- **DATA EXTRACT**:
----------------------------------------

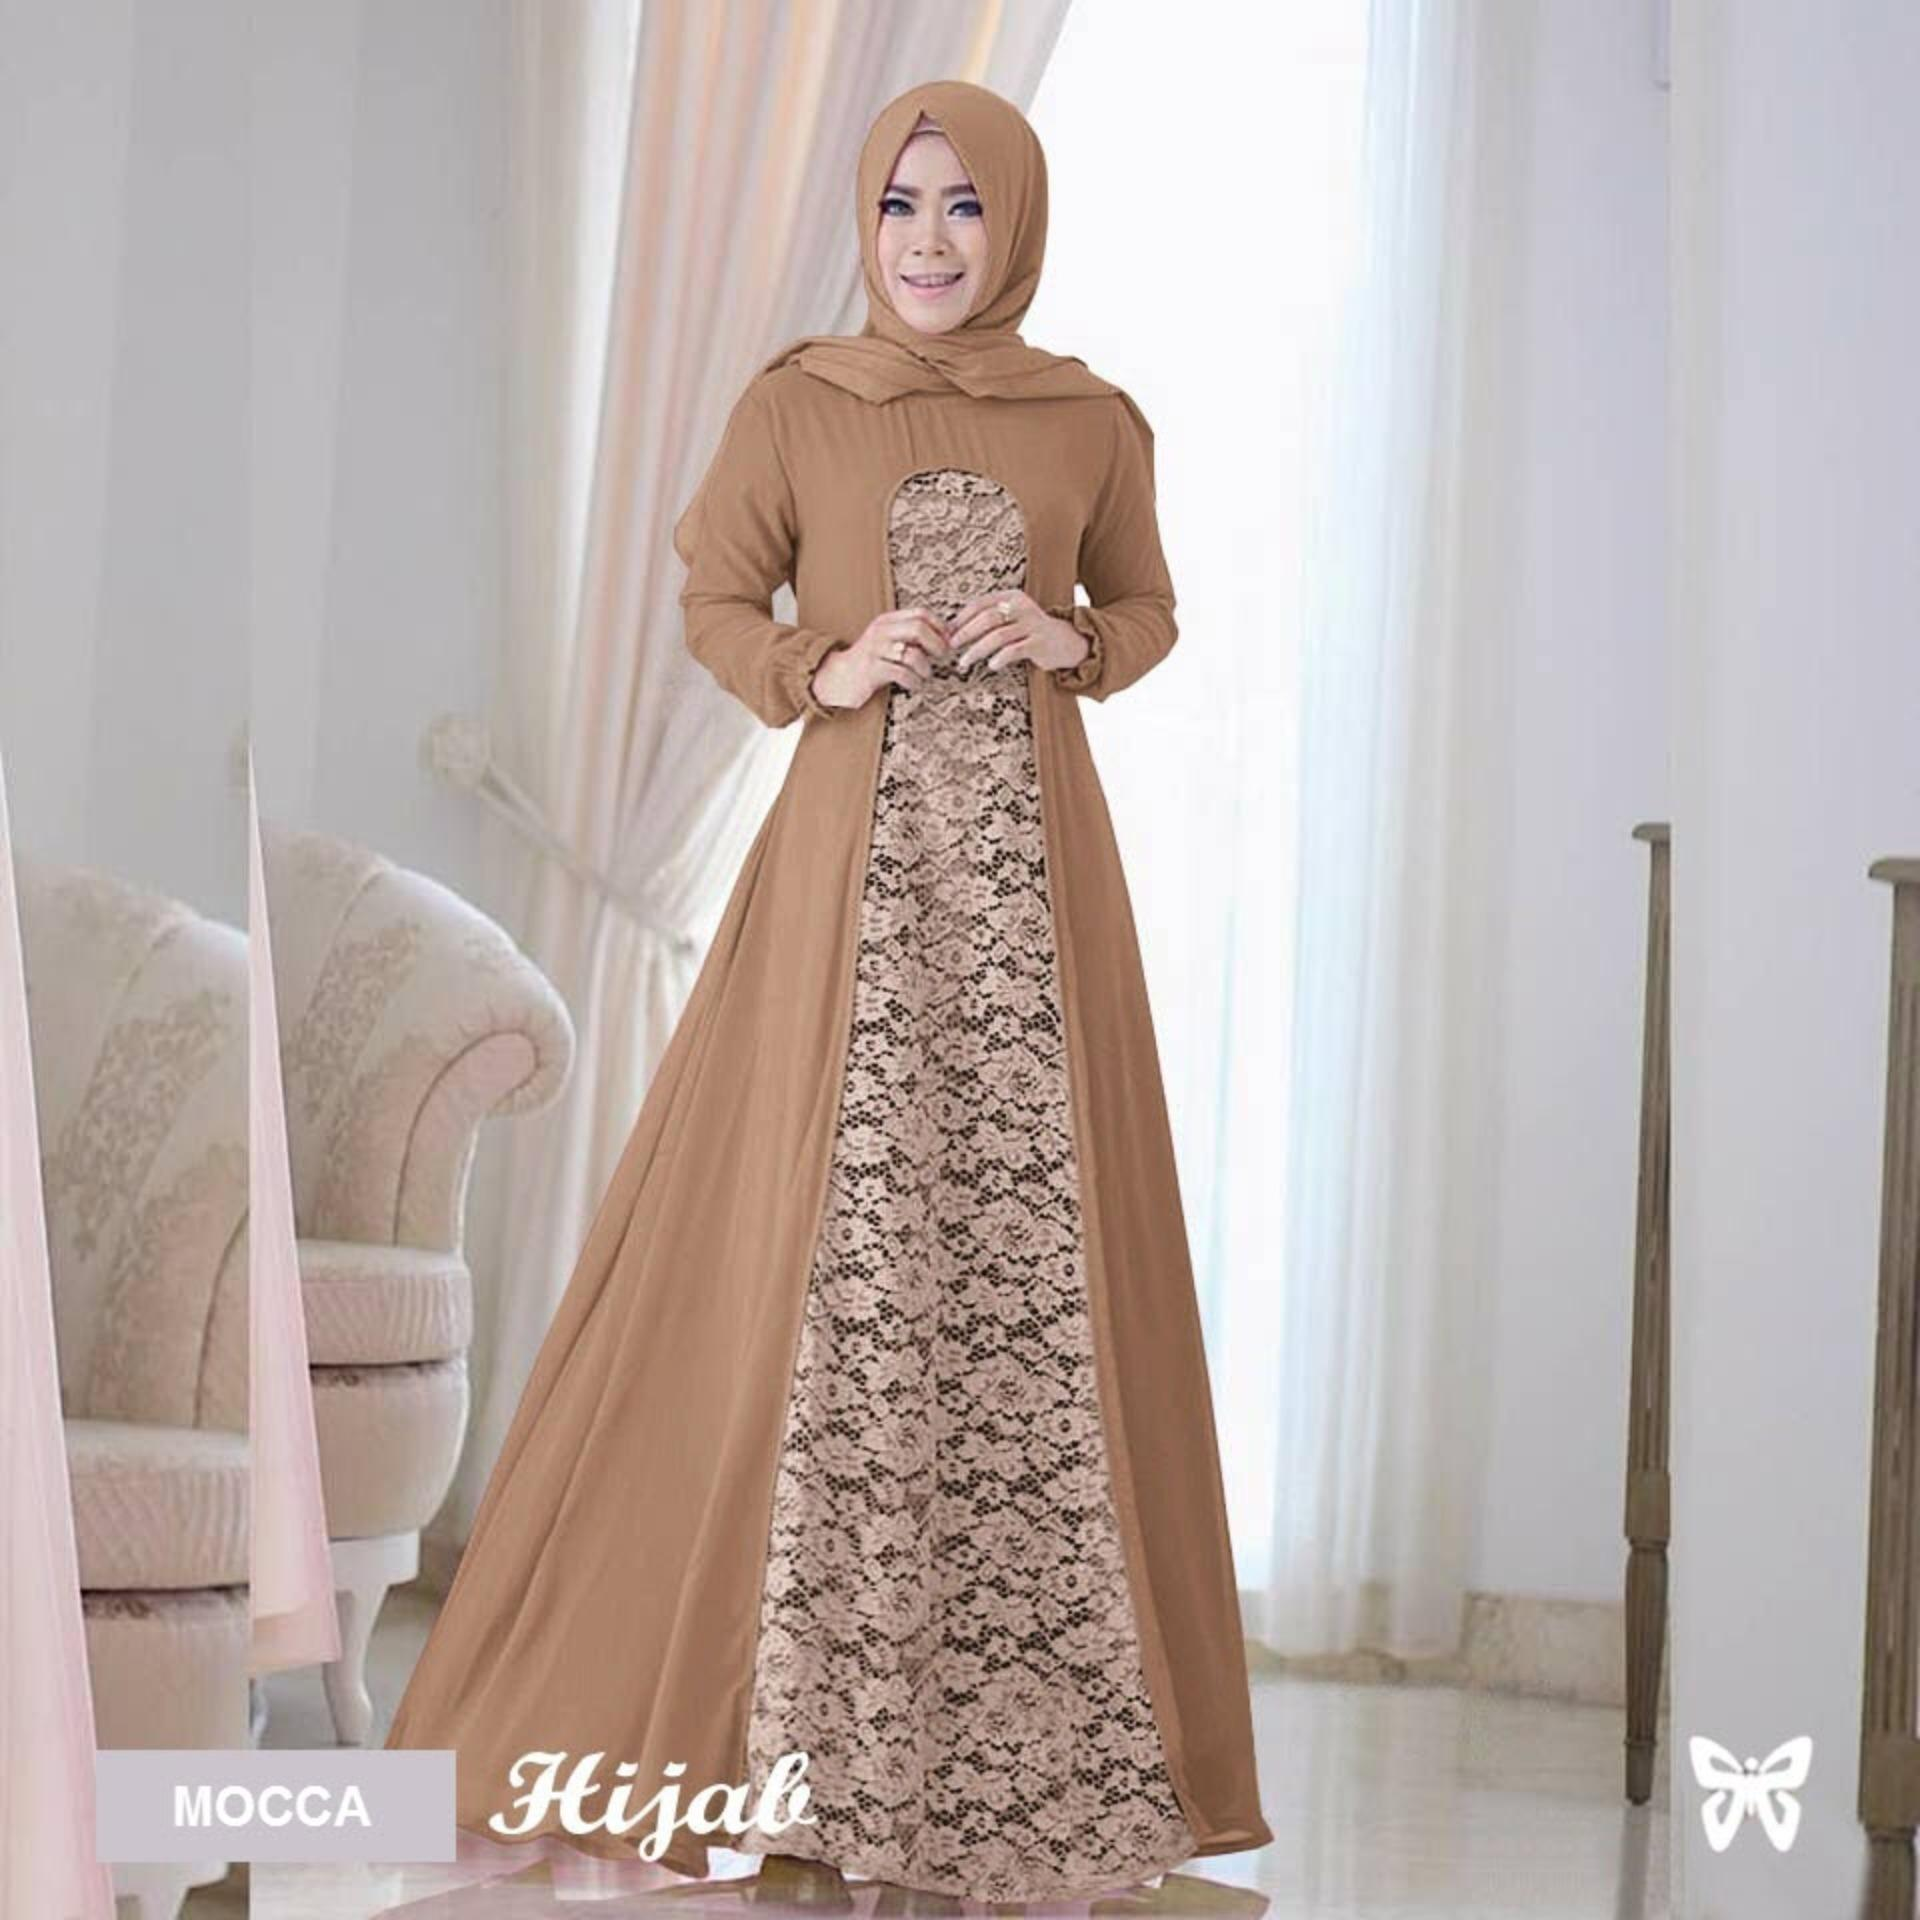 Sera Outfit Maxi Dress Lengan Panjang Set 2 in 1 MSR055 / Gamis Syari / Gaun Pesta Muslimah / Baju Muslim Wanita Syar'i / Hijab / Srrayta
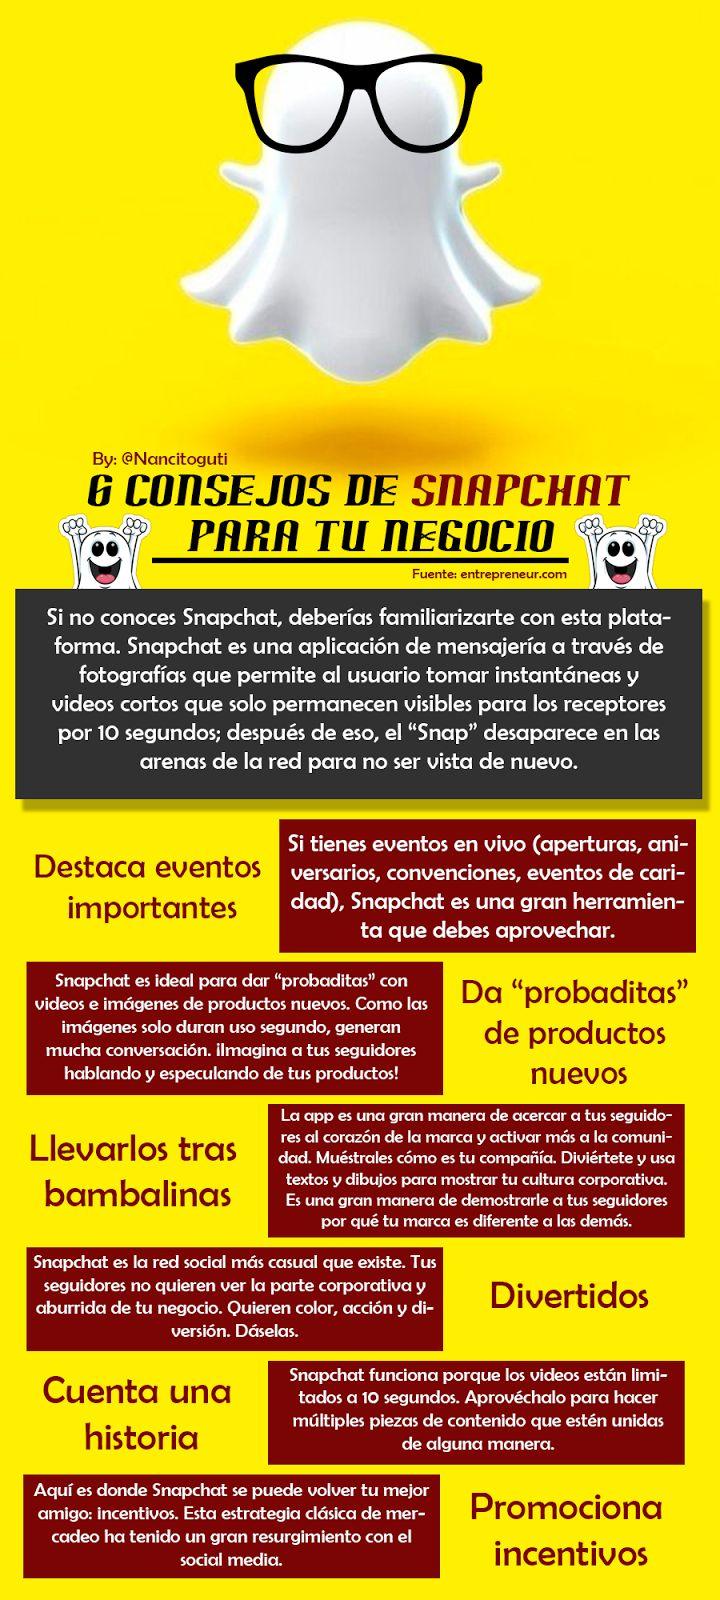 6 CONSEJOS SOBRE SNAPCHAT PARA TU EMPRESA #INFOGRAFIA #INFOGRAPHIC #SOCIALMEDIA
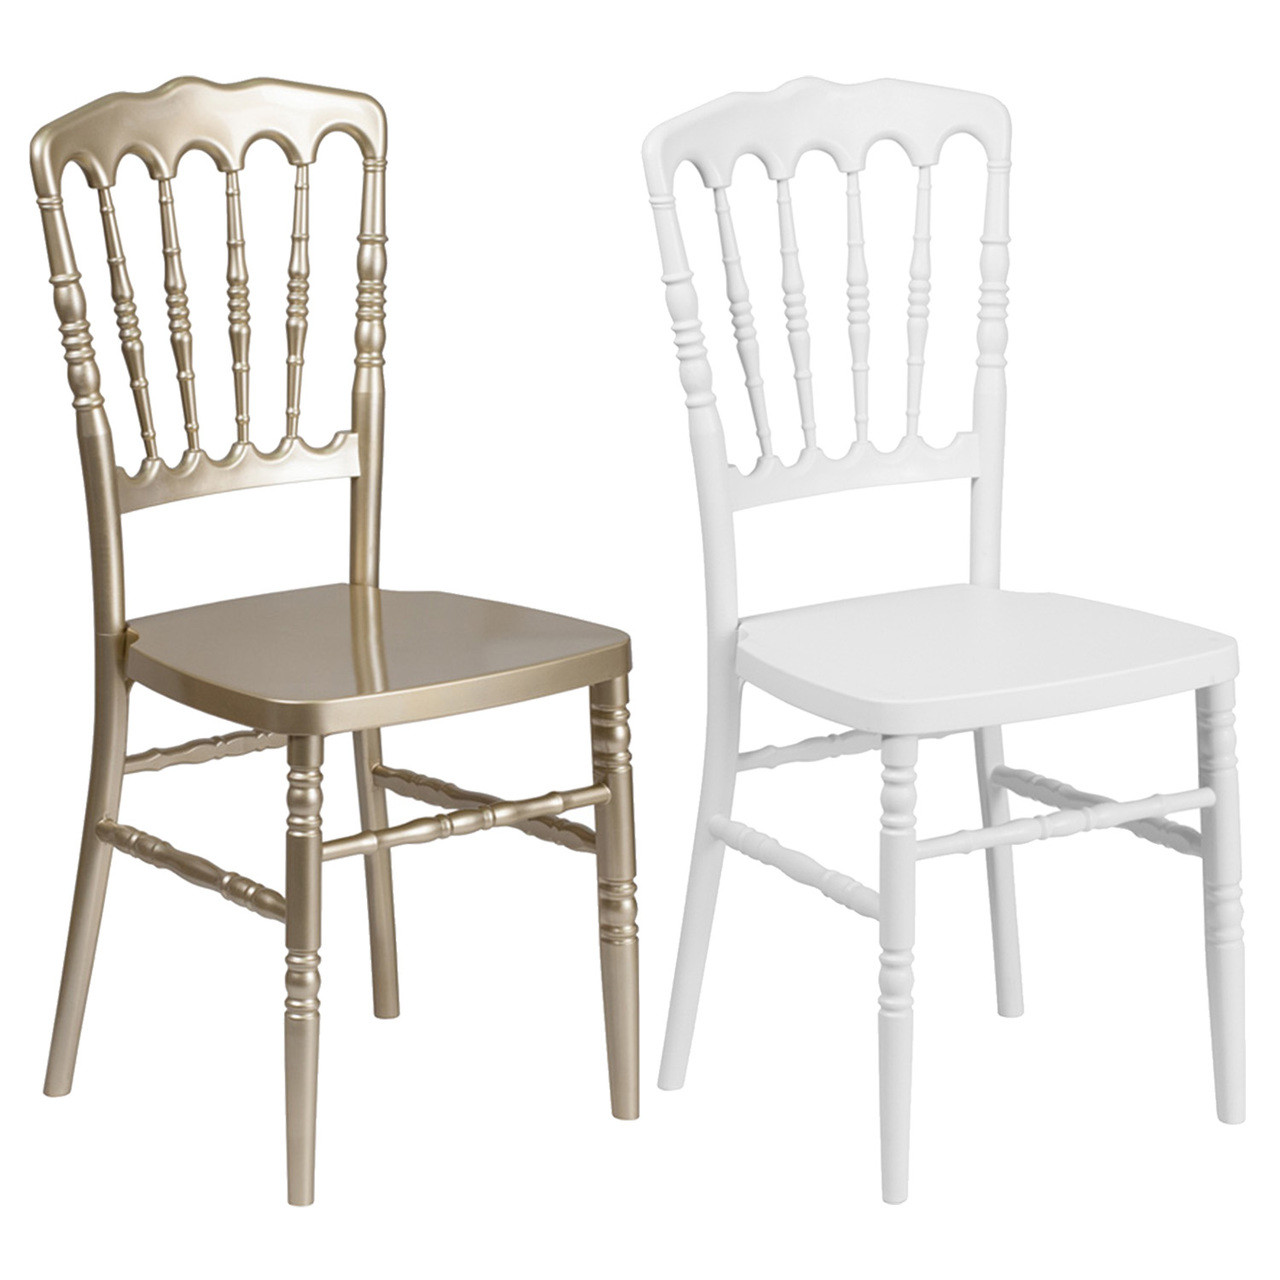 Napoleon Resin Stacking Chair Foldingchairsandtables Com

----------------------------------------

- **WHAT THE TASK ASKS**:
Please return the full listing exactly as given, with the images left out.

- **YOUR SOLUTION**:
 Sera Outfit Maxi Dress Lengan Panjang Set 2 in 1 MSR055 / Gamis Syari / Gaun Pesta Muslimah / Baju Muslim Wanita Syar'i / Hijab / Srrayta
 6 CONSEJOS SOBRE SNAPCHAT PARA TU EMPRESA #INFOGRAFIA #INFOGRAPHIC #SOCIALMEDIA
 Napoleon Resin Stacking Chair Foldingchairsandtables Com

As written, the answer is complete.